The new report by the Senate investigators said the top WaMu producers, loan officers and sales executives who made high-risk loans or packaged them into securities for sale to Wall Street, were eligible for the bank’s President’s Club, with trips to swank resorts — like Maui in 2005.
WaMu was one of the biggest makers of so-called “option ARM” mortgages. They allowed borrowers to make payments so low that loan debt actually increased every month.
In some cases, sales associates in WaMu offices in California fabricated loan documents, cutting and pasting false names on borrowers’ bank statements.
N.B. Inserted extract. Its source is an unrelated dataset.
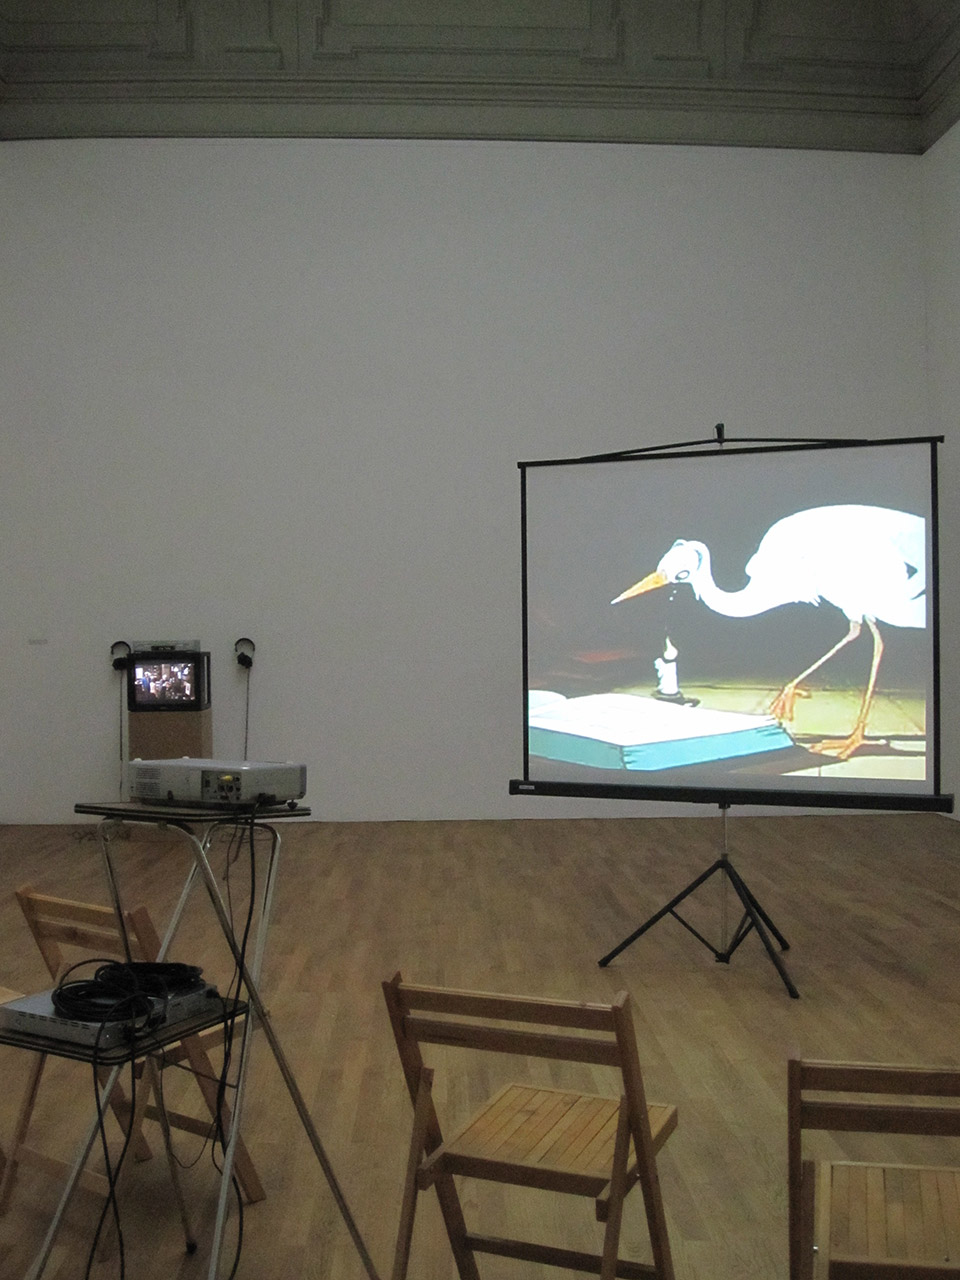 Lars-Laumann-Kunsthalle-Winterthur-2011-4.jpg

The company’s own probe in 2005, three years before the bank collapsed, found that two top producing offices — in Downey and Montebello, Calif. — had levels of fraud exceeding 58 percent and 83 percent of the loans. Employees violated the bank’s policies on verifying borrowers’ qualifications and reviewing loans.
In an episode in 2007, some of WaMu’s mortgages were viewed as so suspect by American International Group Inc. that it refused to insure them and complained to both California and federal regulators, according to the Senate investigators. AIG itself nearly collapsed in the fall of 2008 and received about $180 billion in bailout aid from the government.
Washington Mutual was repeatedly criticized over the years by its internal auditors and federal regulators for sloppy lending that resulted in high default rates, according to the report. Violations were so serious that in 2007, Washington Mutual closed its affiliate Long Beach Mortgage Co. as a separate entity and took over its subprime lending operations.